Натюрморт – «мёртвая натура», не слишком удачное французское выражение. По-немецки этот жанр называется «Stilleben» – «тихая жизнь». Так бы я обозначил первые сцены «Чайки» Бутусова. Завязка идёт в ленивом ритме картавой музыки. Завязка – не только «Чайки», но и неведомой какой-то истории, которая должна случиться в искусстве вообще. Ритм – подходит для неспешных импровизированных монологов о новых формах.
Верёвочные качели, на них сухопарый Константин Треплев, взрослый, остро чувствующий. Тимофей Трибунцев ушёл далеко вперёд от банального амбициозного подростка. С его Треплевым вышло бы недурное интервью – уверен, что задумка Константина Гавриловича предельно внятная. Он вовсе не высокопарный болтун, руки у него рабочие (это качество подсказывает весь его облик – синяя клетчатая рубаха на двух пуговицах, большие очки на носу). Кажется, крохотную игровую площадку он сам и обустроил. Его пространство – полное художественного мусора, но по большей части белое, как мастерская живописца.
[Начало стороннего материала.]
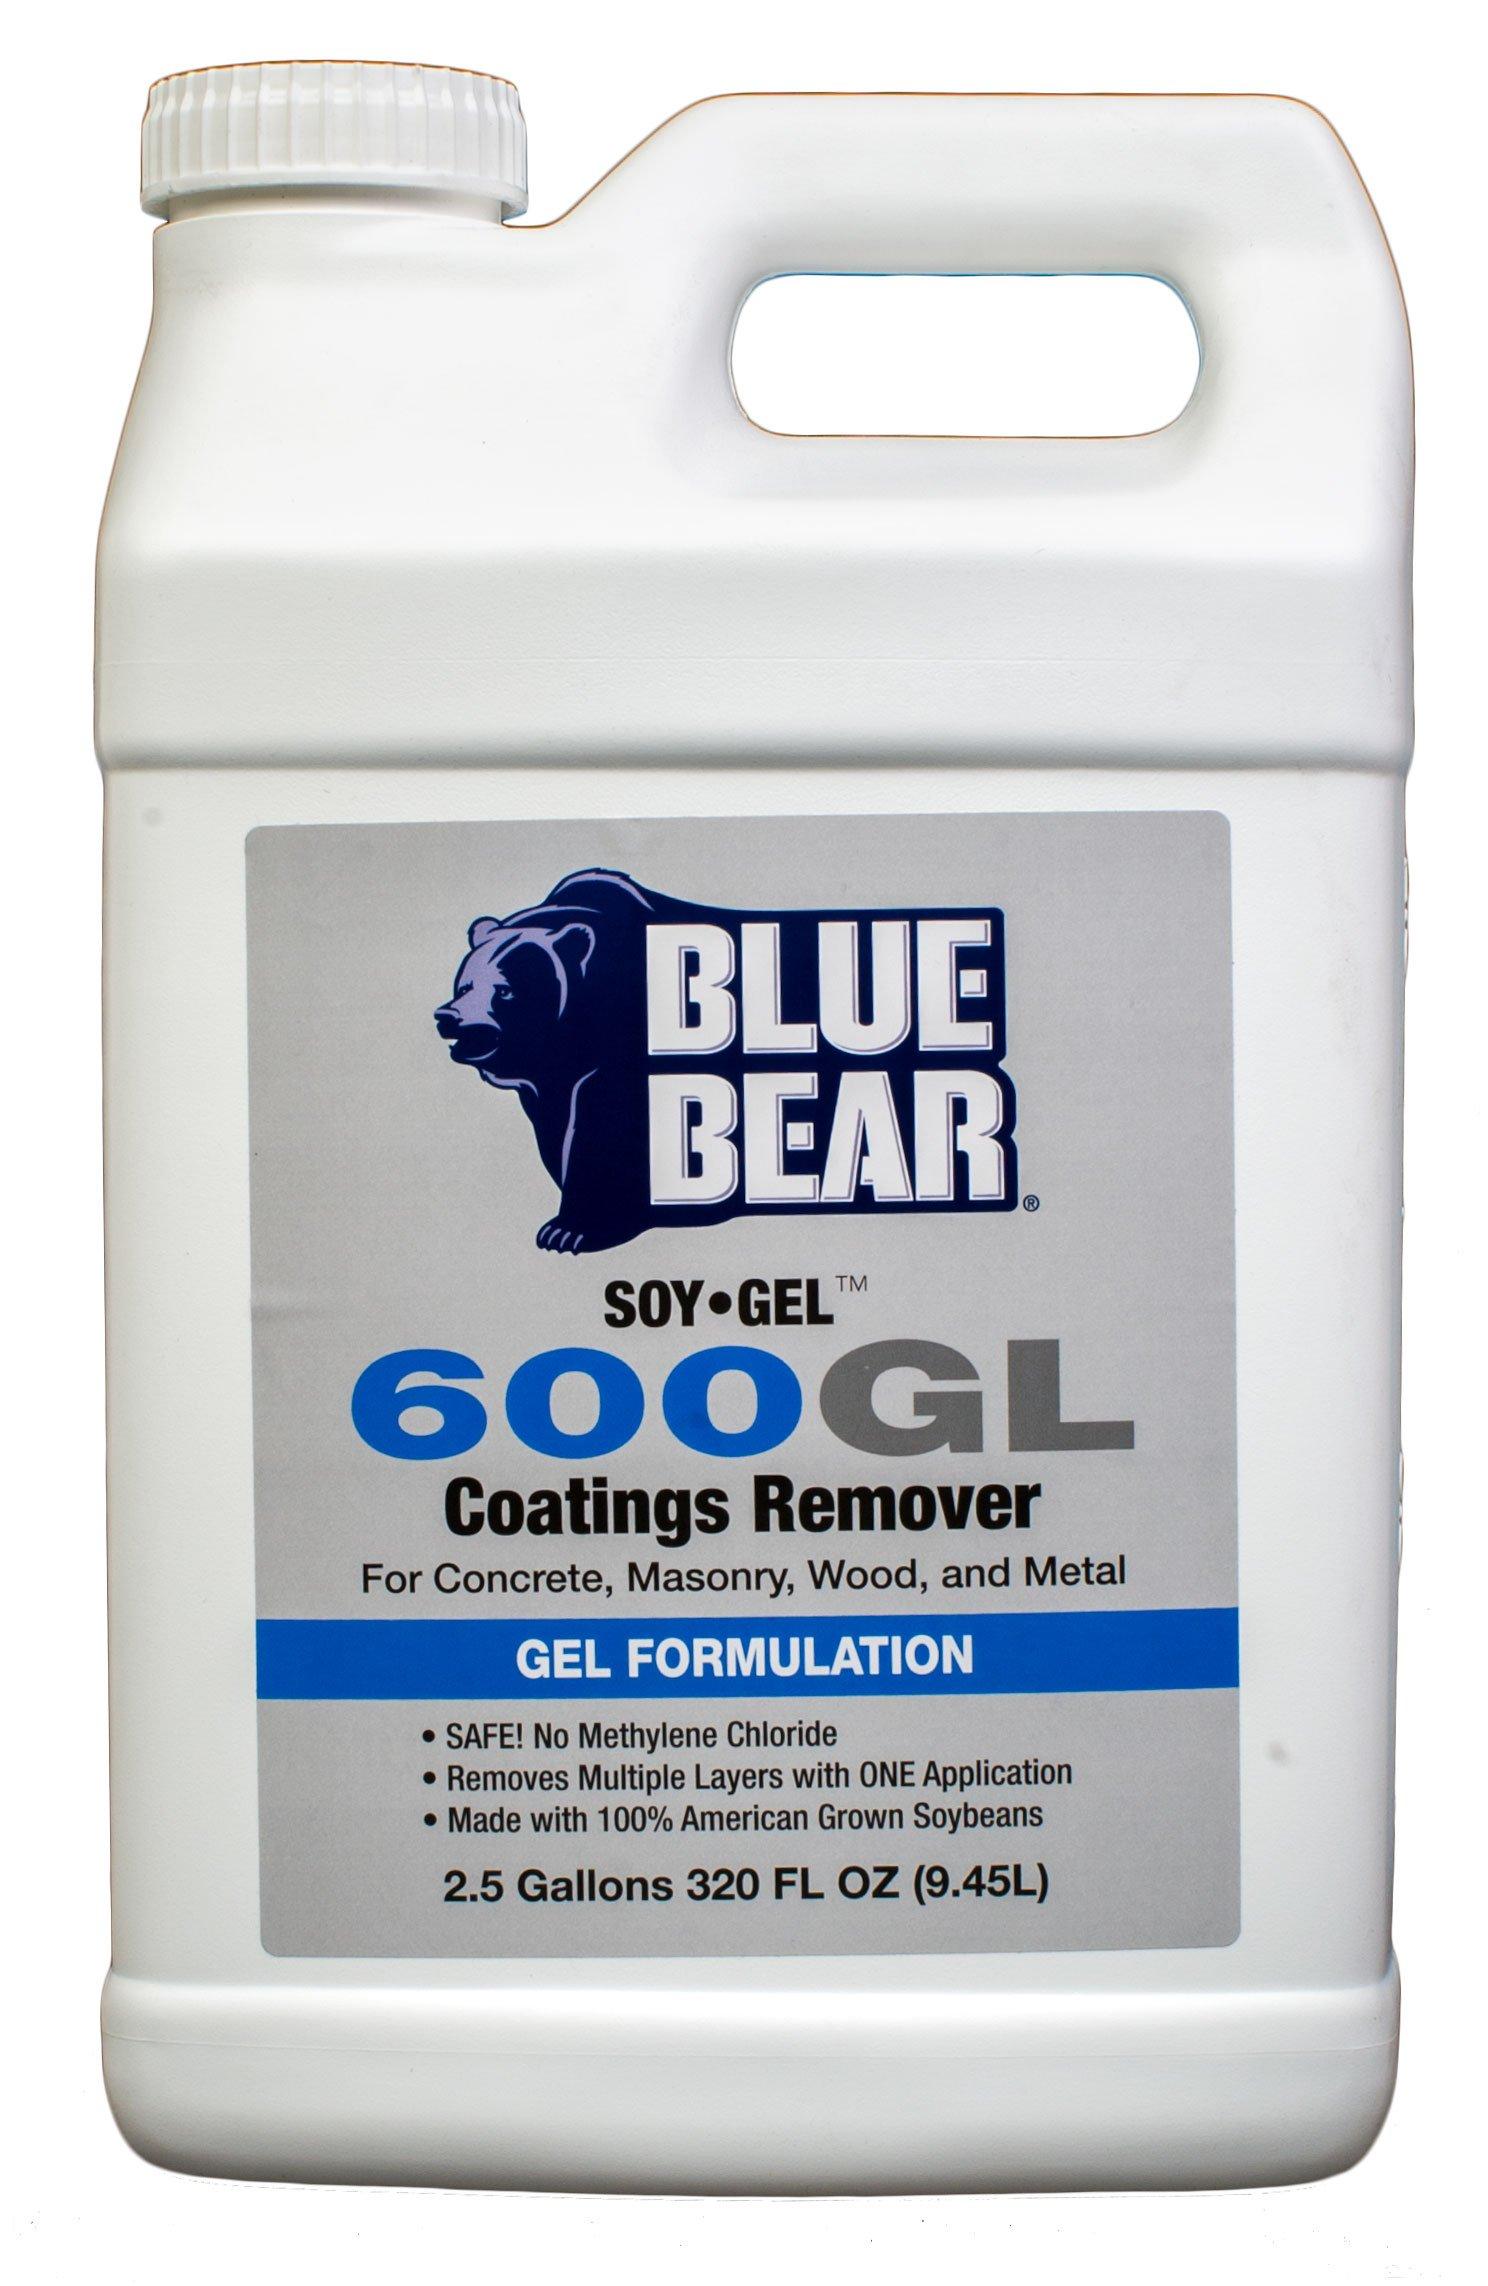 BLUE BEAR 600GL Coatings Remover 2.5 Gallon

Он сильно перерос своё положение в семье. На ум приходит царь Павел Петрович, который тоже успел постареть, поистрепаться, пока свет вертелся вокруг его матушки. «Русский Гамлет»: «Пока травка подрастёт, лошадка с голоду умрёт».
Сам же Чехов прописал в пьесе пару шекспировских строк.
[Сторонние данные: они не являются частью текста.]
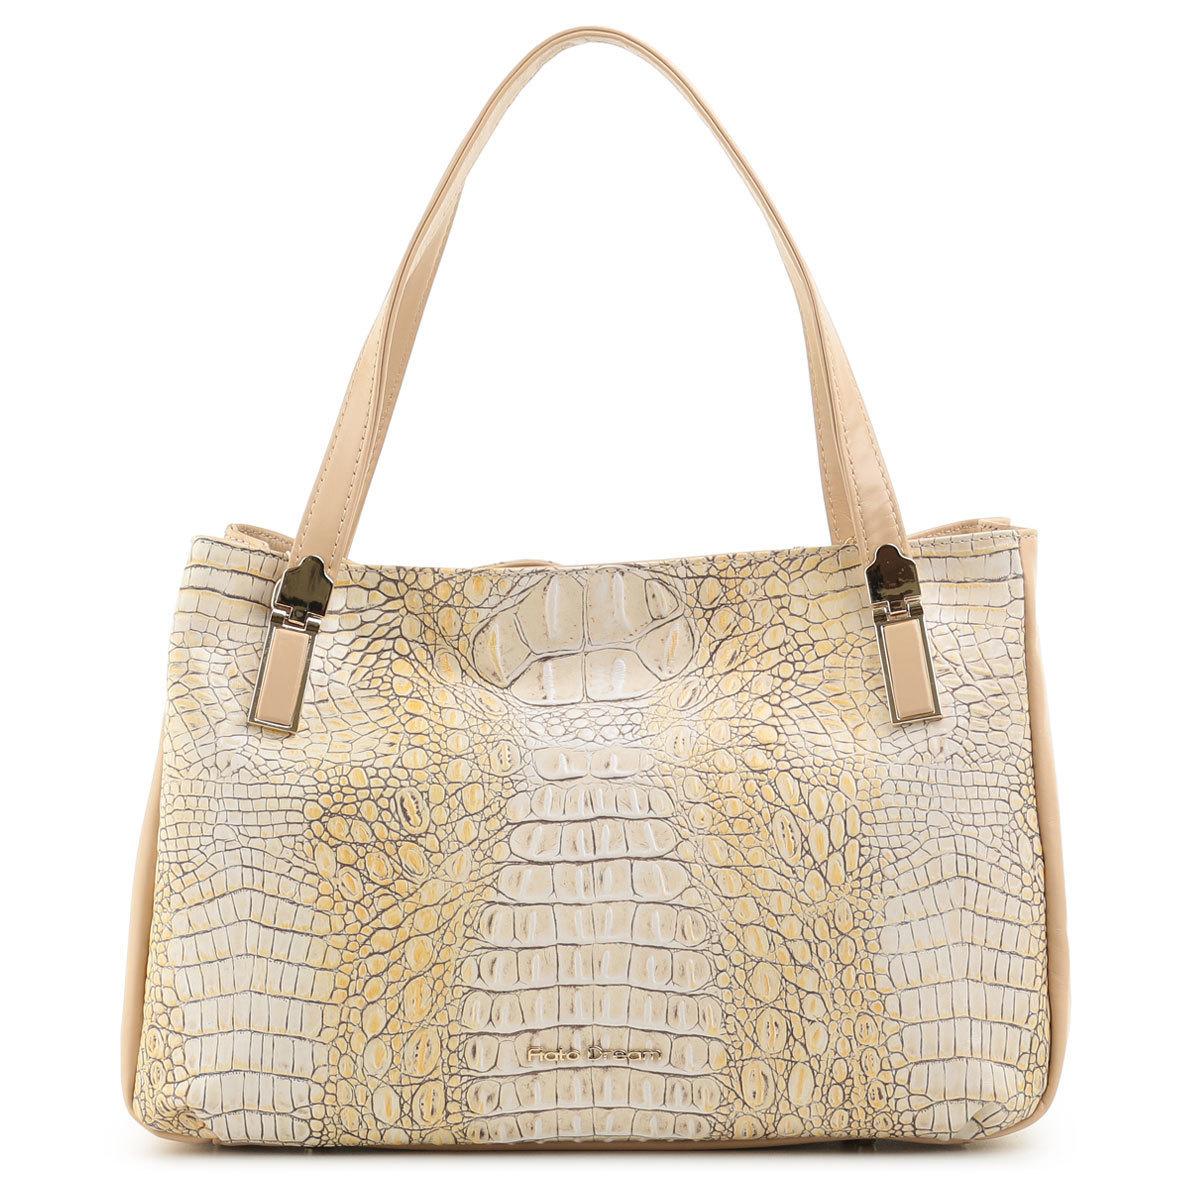 3814 FD кожа /крокодил желтый (сумка женская)

В каком-то смысле «Чайка» отчасти – нарезка спектаклей-короткометражек. О каждом персонаже «мелькнул сюжет». Для небольшого рассказа. Если изымать из беседы слова партнёров, выходит, что и Сорин, и Дорн, и даже Шамраев непрерывно сообщают свою драму, отчего-то недоступную ни для окружающих, ни, как правило, для читателей.
Сорин сопротивляется, можно сказать, как биологическое существо – непроизвольно. Сопротивляется своей второплановости в жизни Сорин-человек; пытается преодолеть её в пьесе «Чайка» Сорин-персонаж. В помощь последнему режиссёр обнажает чёткое, стройное направление его реплик, концентрируя их в очередном монологе.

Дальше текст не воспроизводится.